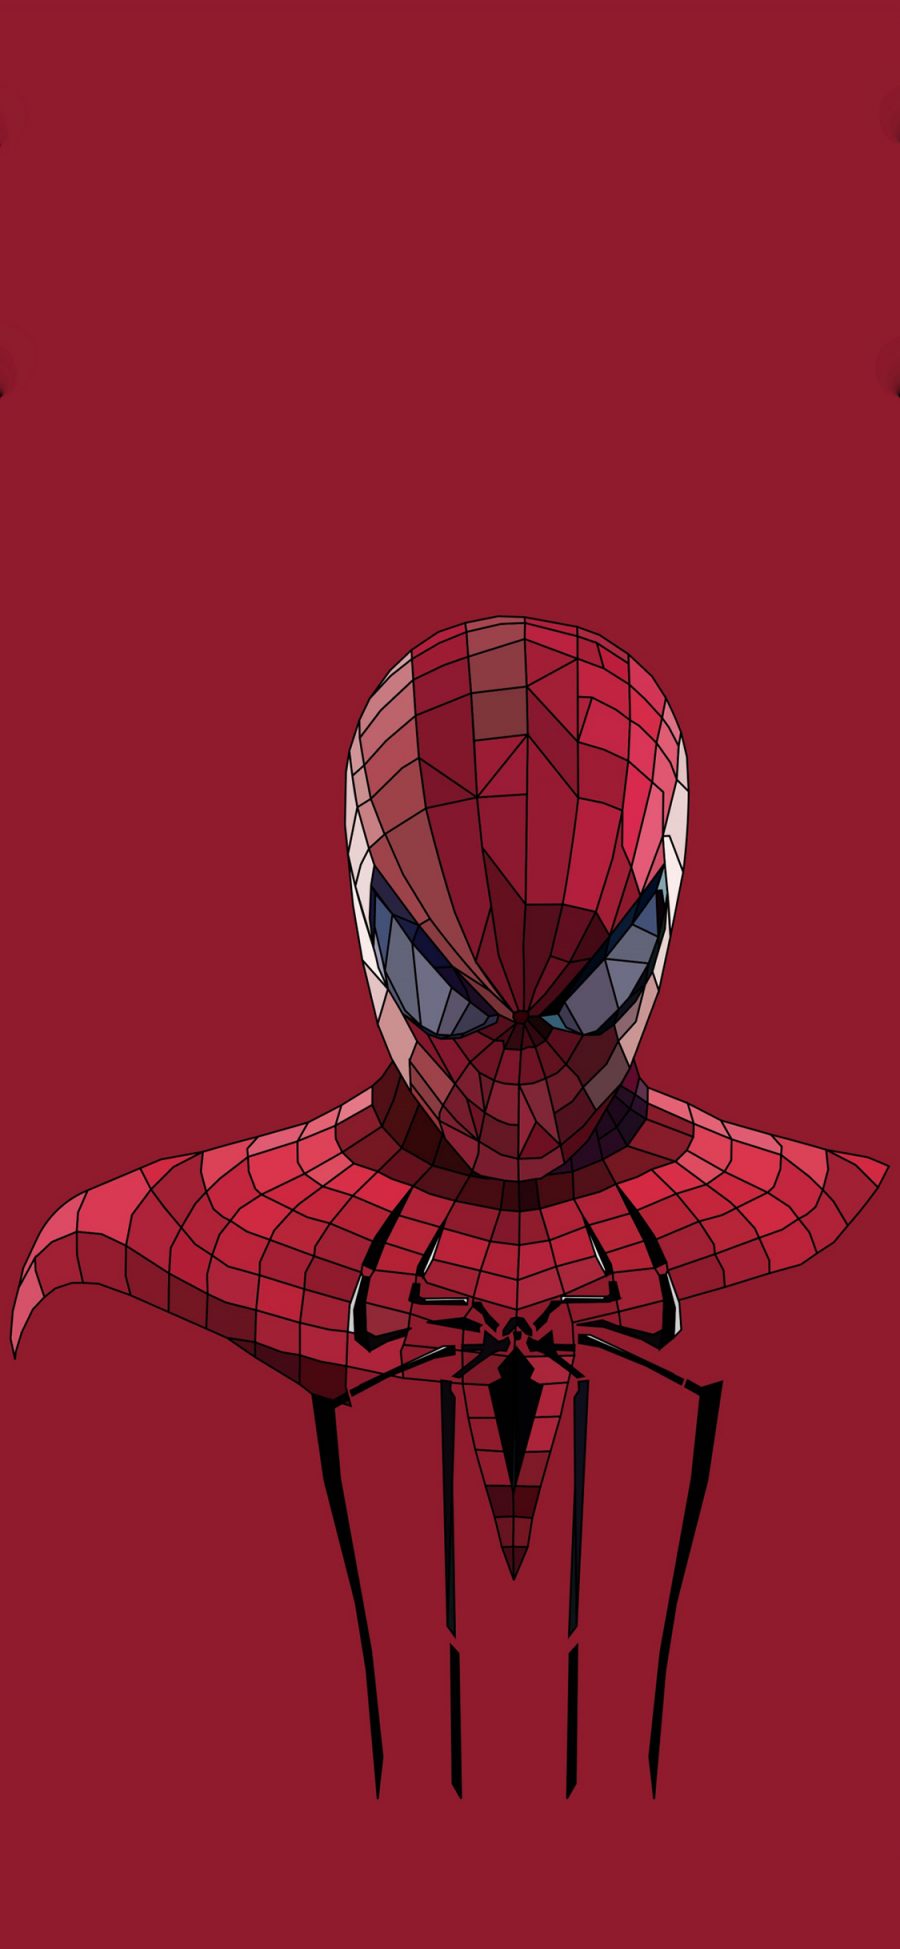 [2436×1125]蜘蛛侠 红色 漫威 超级英雄 苹果手机动漫壁纸图片
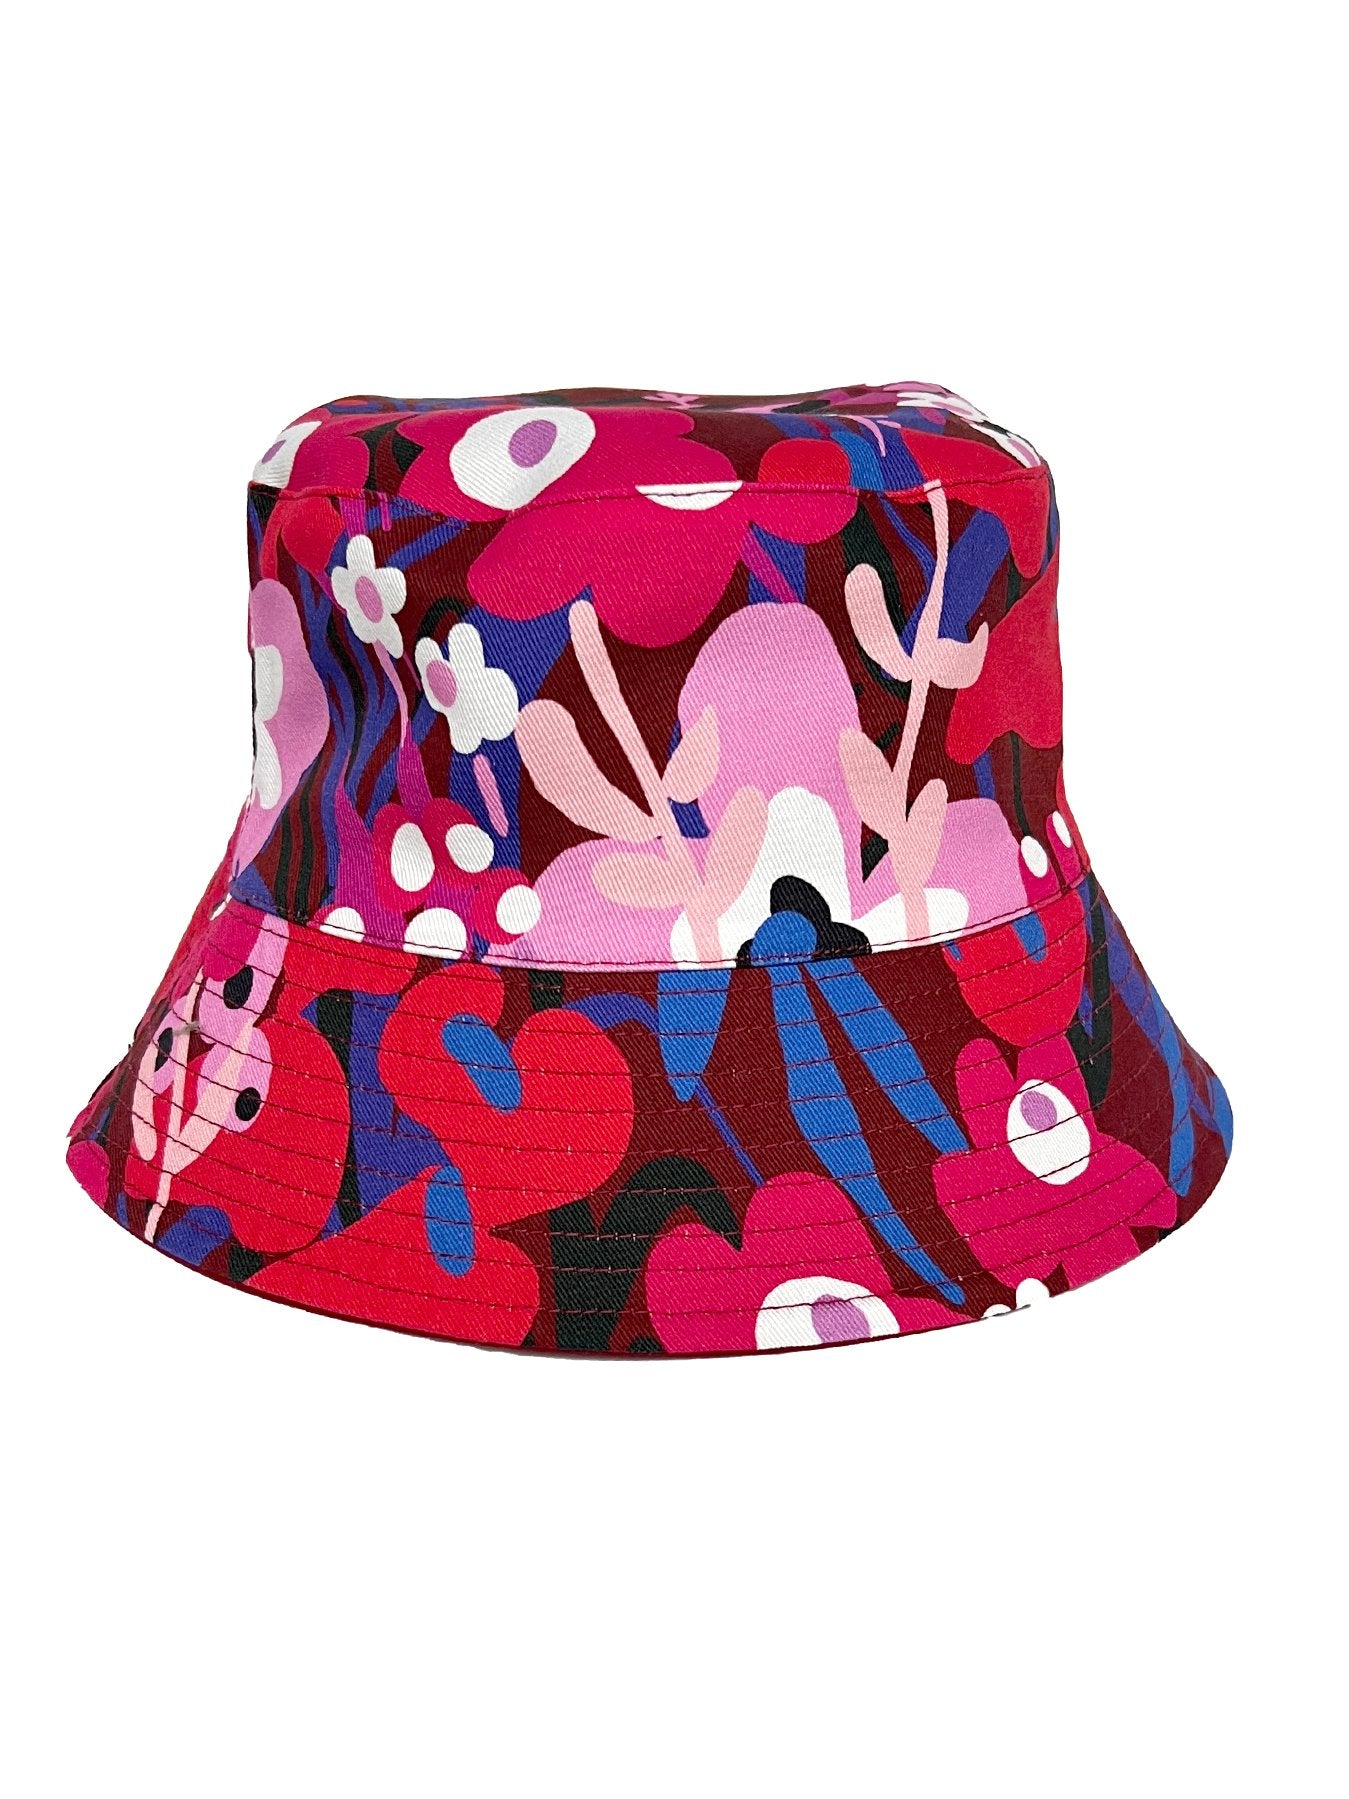 BERTA bucket hat Garden Oasis Pink - Lesley Evers-Best Seller-bucket hat-garden oasis
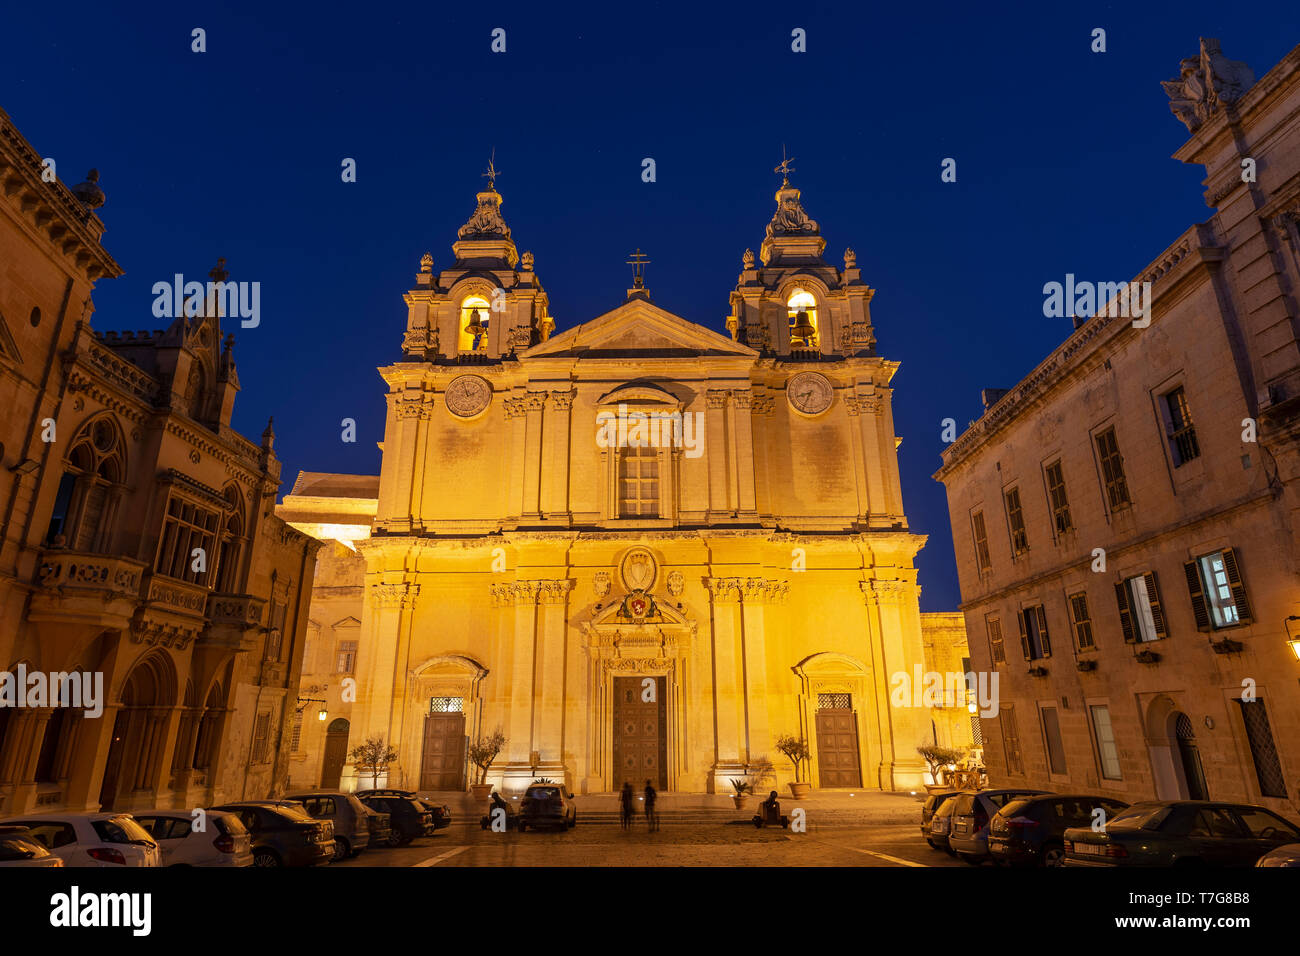 Malta, Malta, Mdina (Rabat) Old Walled Town, St. Paul's Cahtedral Stock Photo
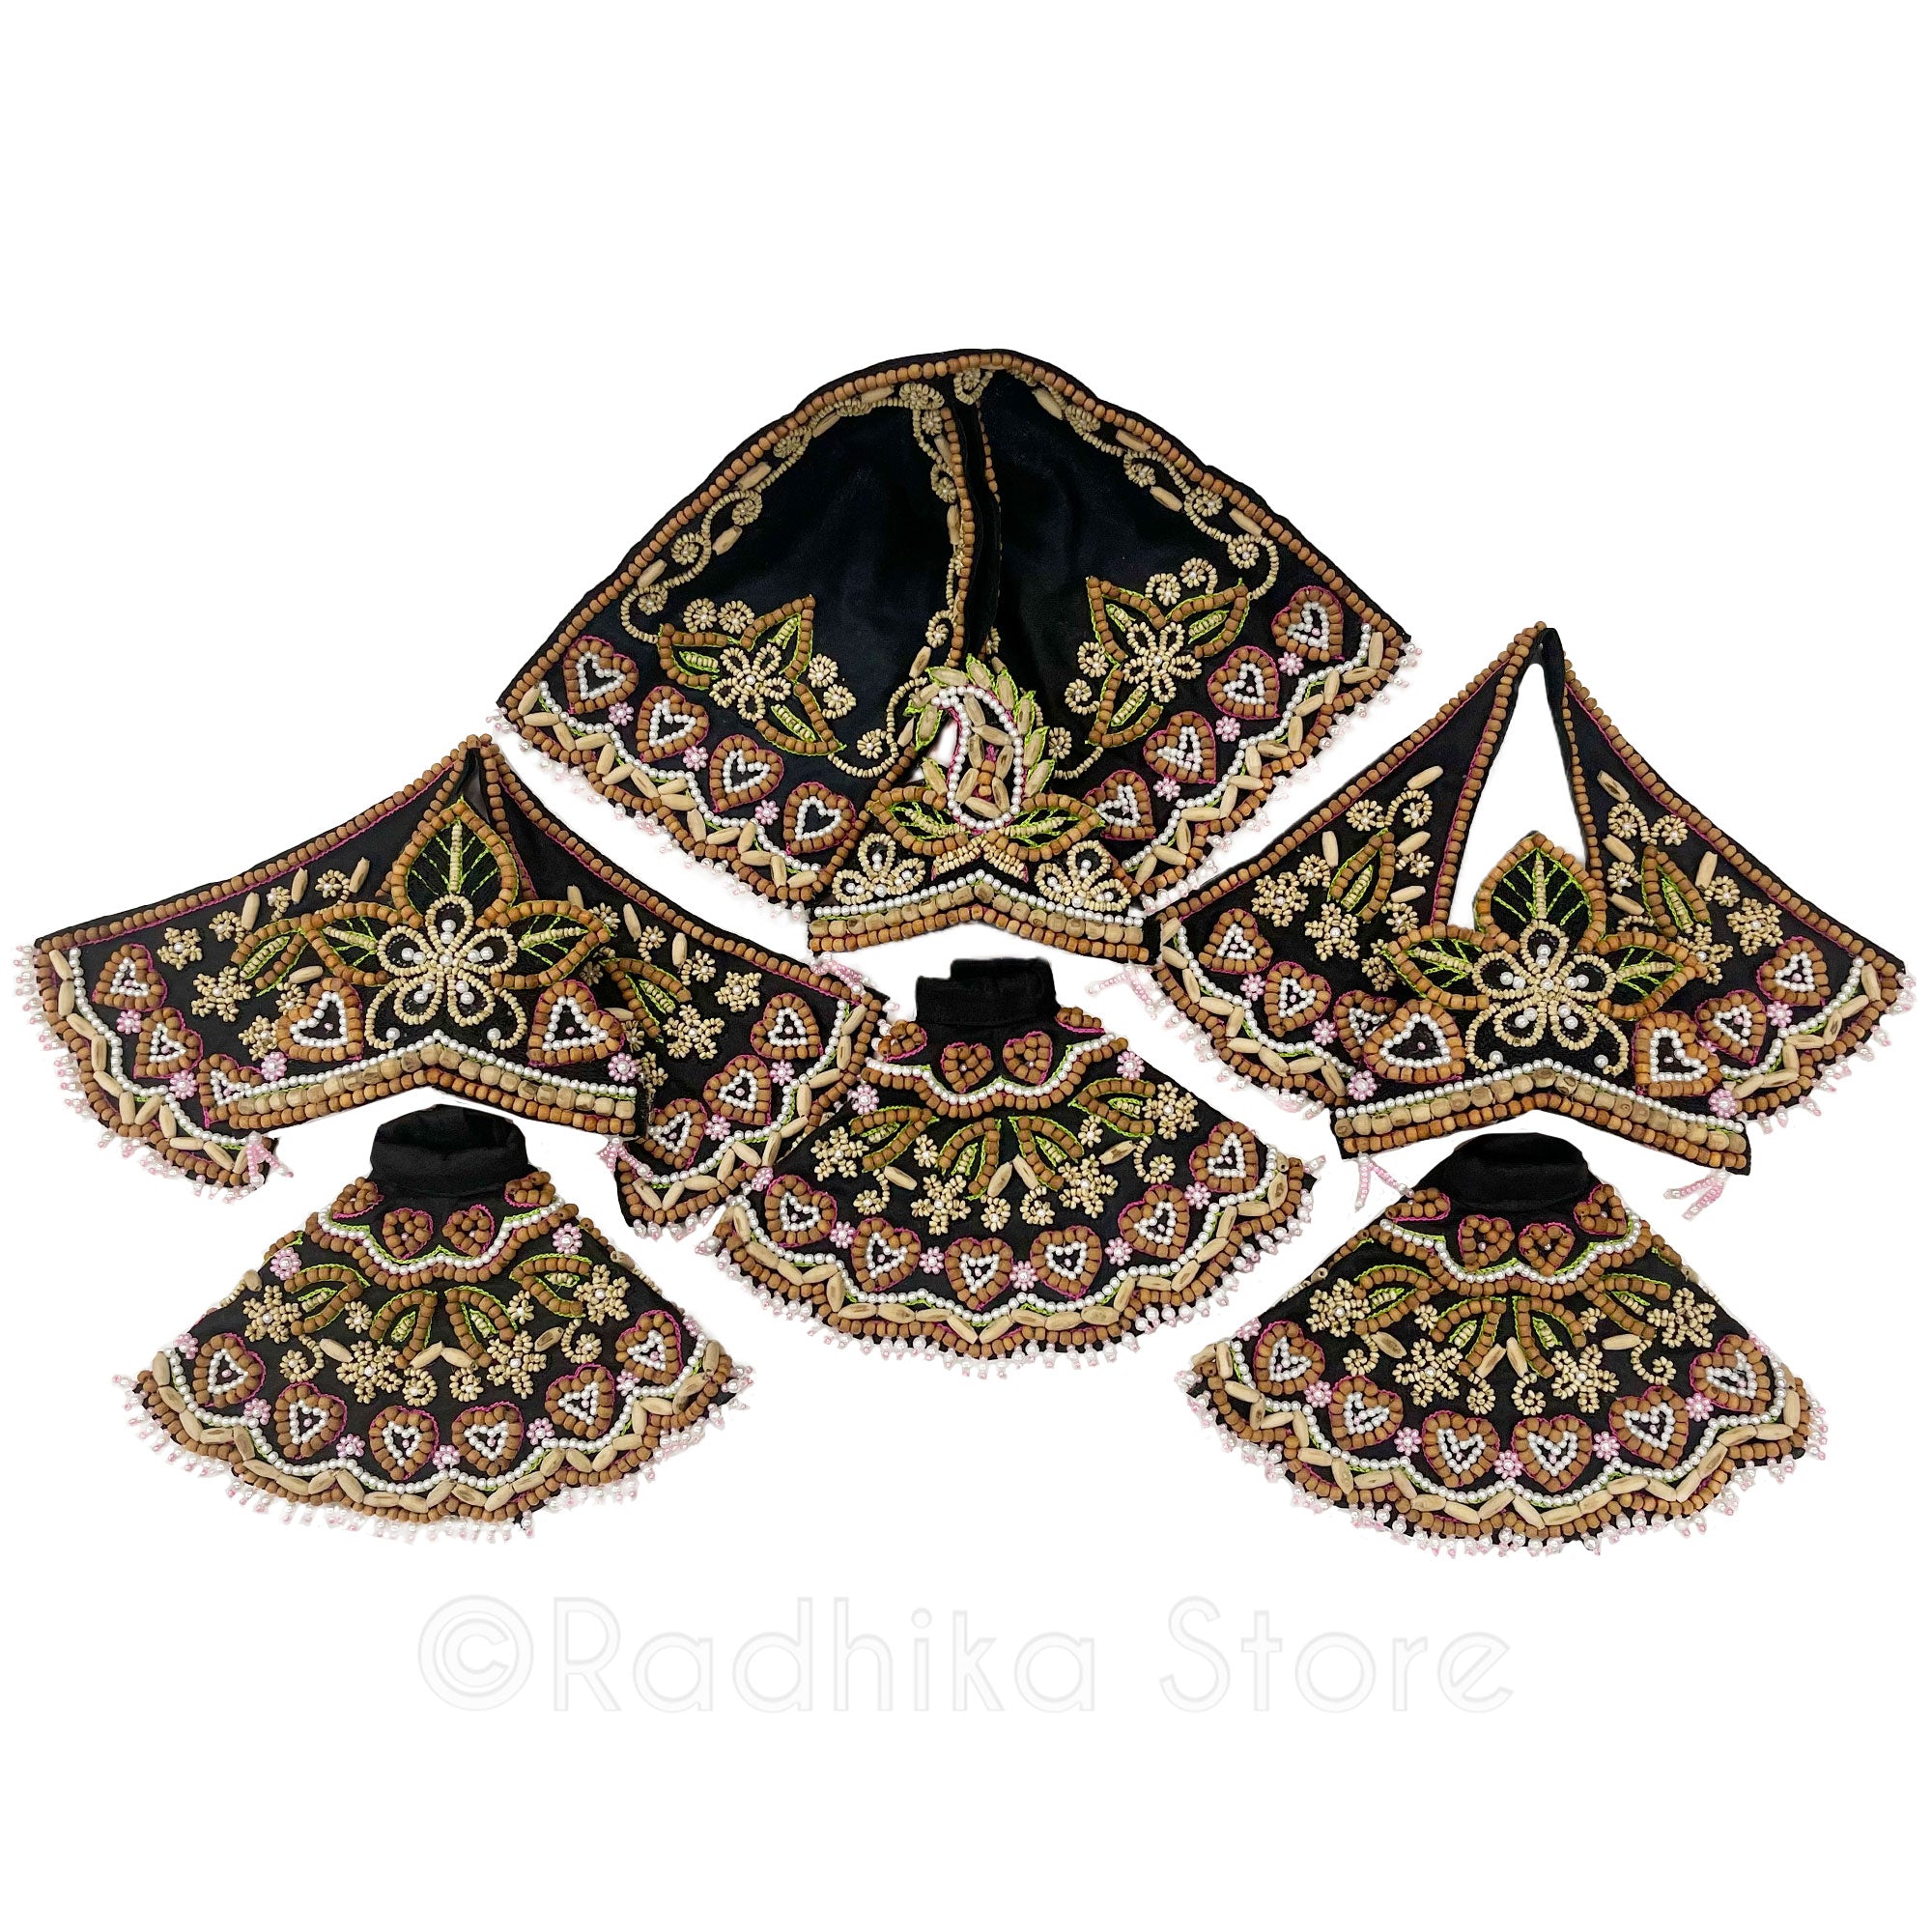 Tulsi Prema-With Sandalwood Too-Silk-Black-Jagannath Baladeva Subhadra Deity Outfit

# HOW TO COMPLETE THIS TASK:
Reproduce precisely the lines of the listing above, from the line containing "Malta, Malta, Mdina" to the last line, both ends included. Pictures are to be omitted.

# EXPECTED ANSWER:
 Malta, Malta, Mdina (Rabat) Old Walled Town, St. Paul's Cahtedral Stock Photo
 Tulsi Prema-With Sandalwood Too-Silk-Black-Jagannath Baladeva Subhadra Deity Outfit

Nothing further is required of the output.